EXERCISE DIRECTIONS: Give back the full listing, character for character, with no pictures.

DATA BELOW:
......
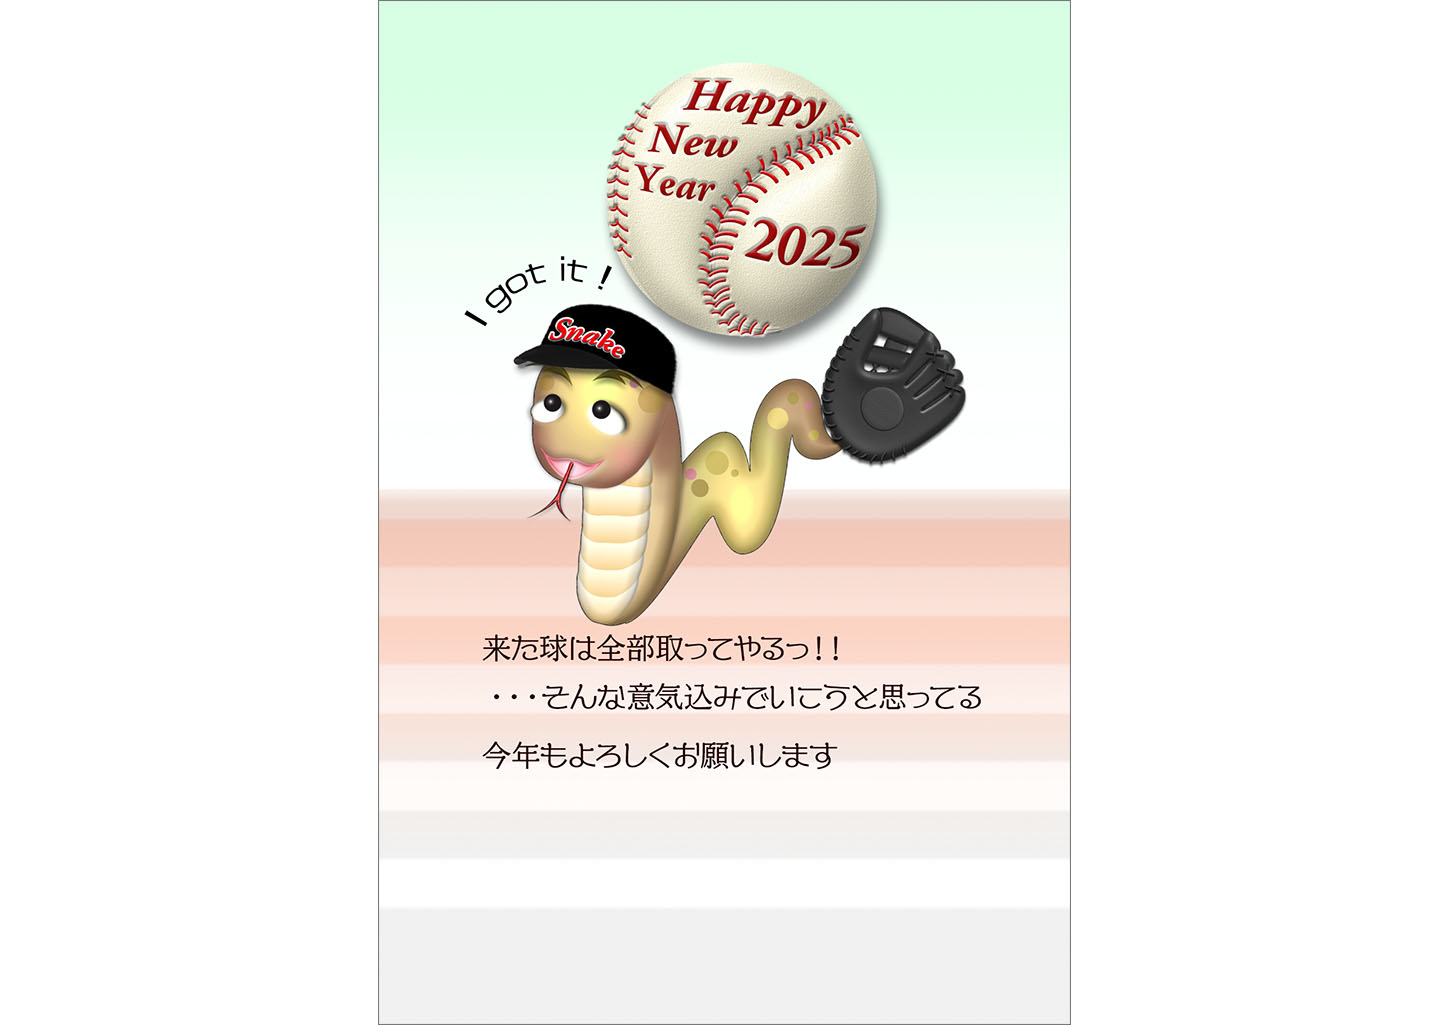 蛇の野球選手がI got it !のテンプレート｜かわいい年賀状デザイン素材
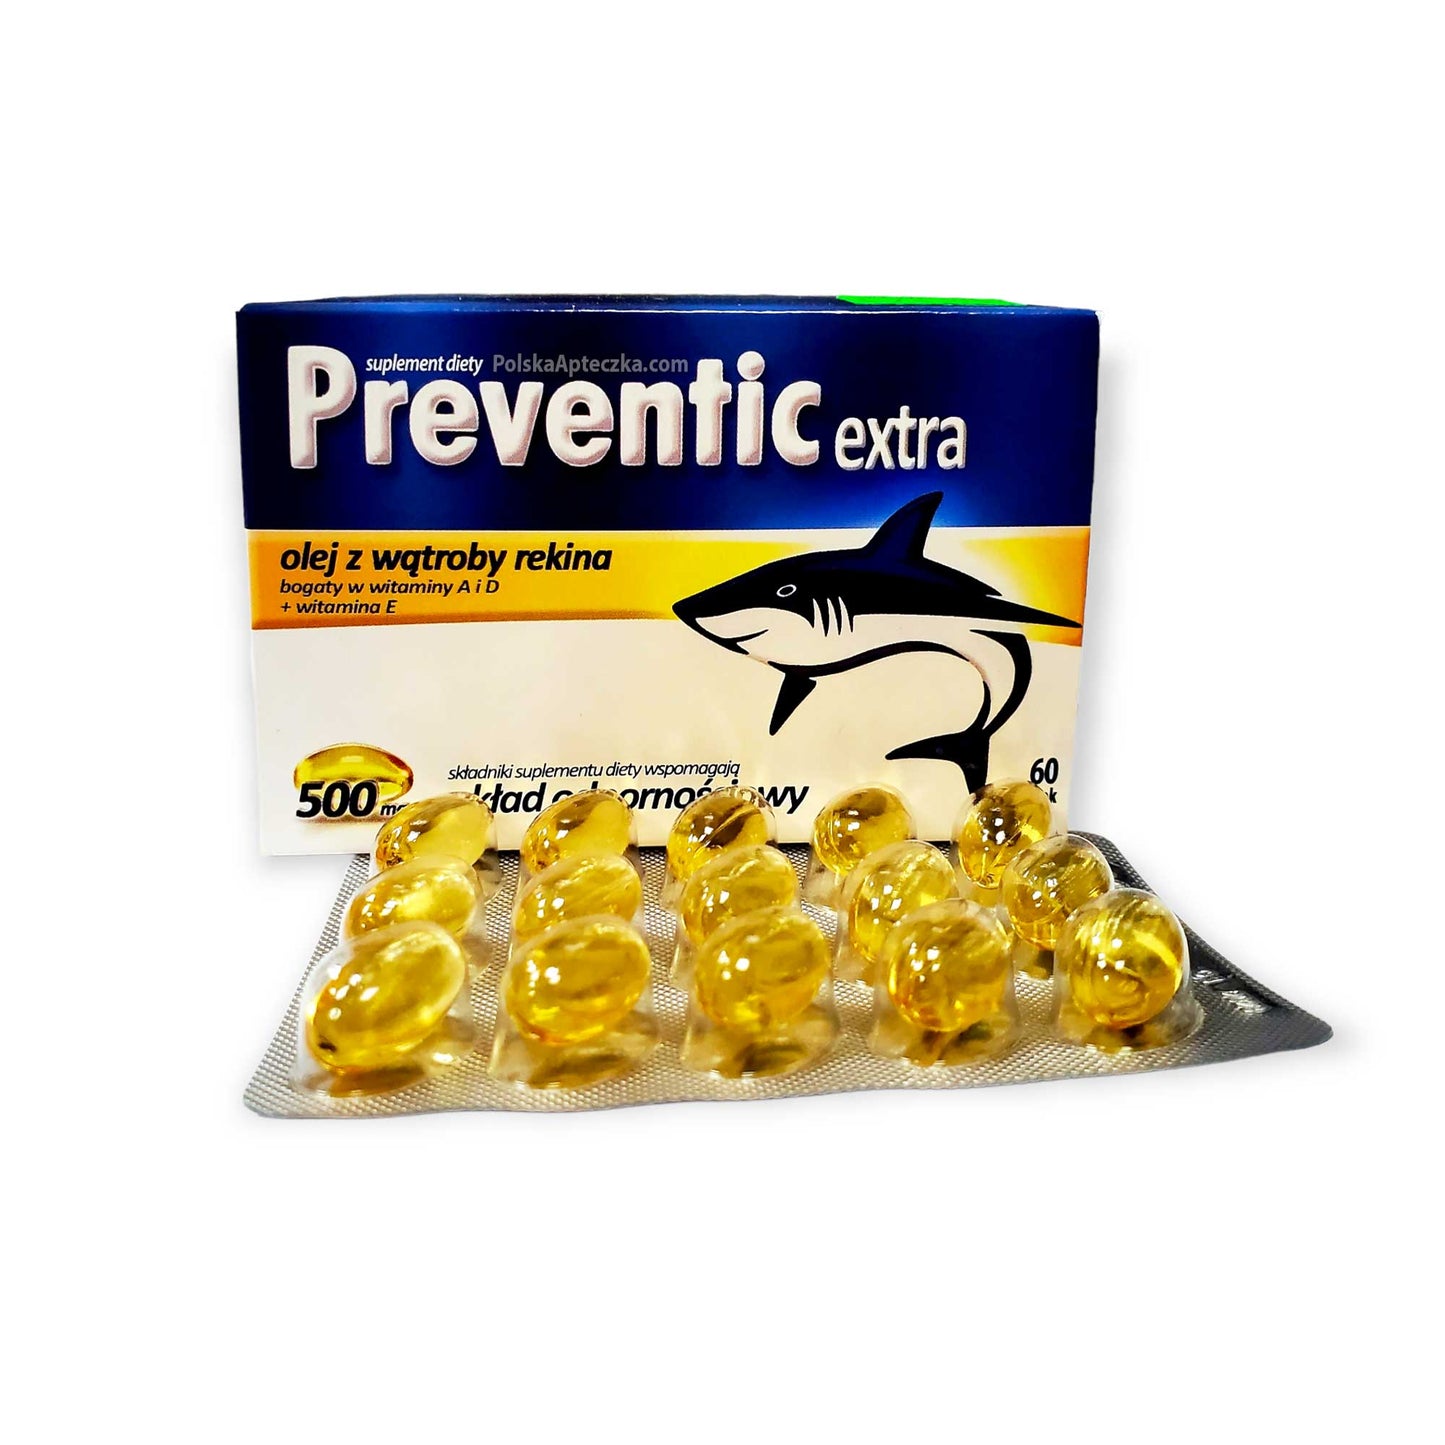 Preventic Extra 500, olej z wątroby rekina, 60  kapsułek
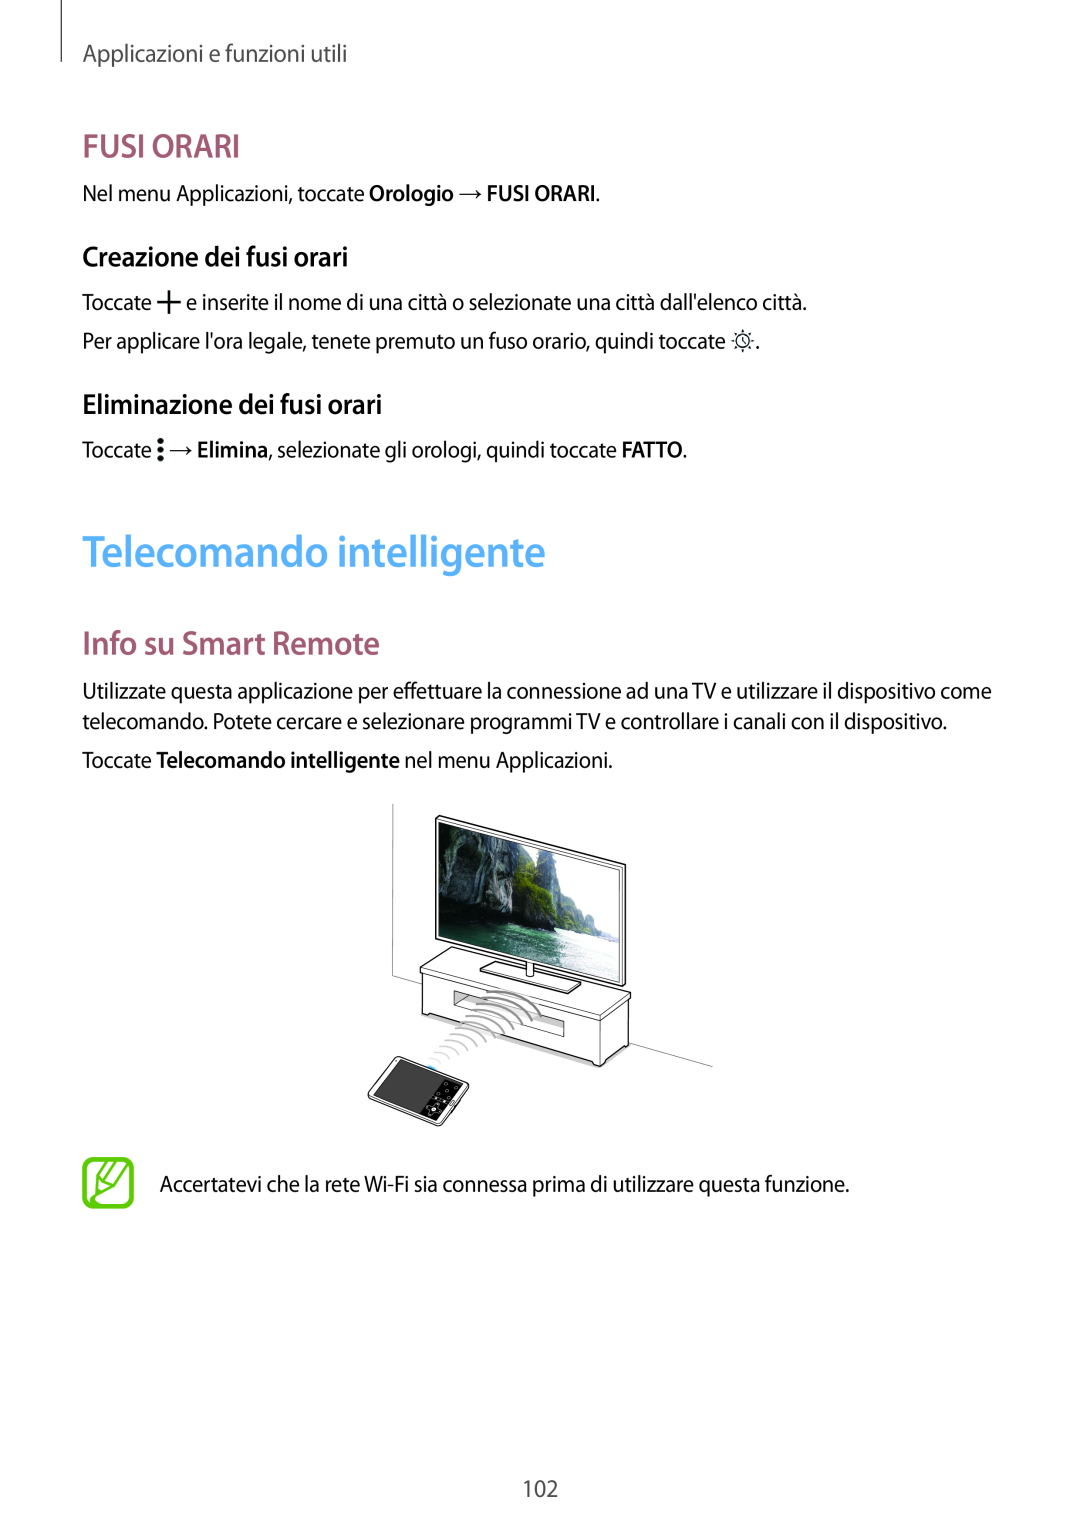 Samsung SM-T700NTSAXEO manual Telecomando intelligente, Fusi Orari, Info su Smart Remote, Creazione dei fusi orari
......
ANSWER BOX:
 蛇の野球選手がI got it !のテンプレート｜かわいい年賀状デザイン素材
 Preventic Extra 500, olej z wątroby rekina, 60  kapsułek
 Samsung SM-T700NTSAXEO manual Telecomando intelligente, Fusi Orari, Info su Smart Remote, Creazione dei fusi orari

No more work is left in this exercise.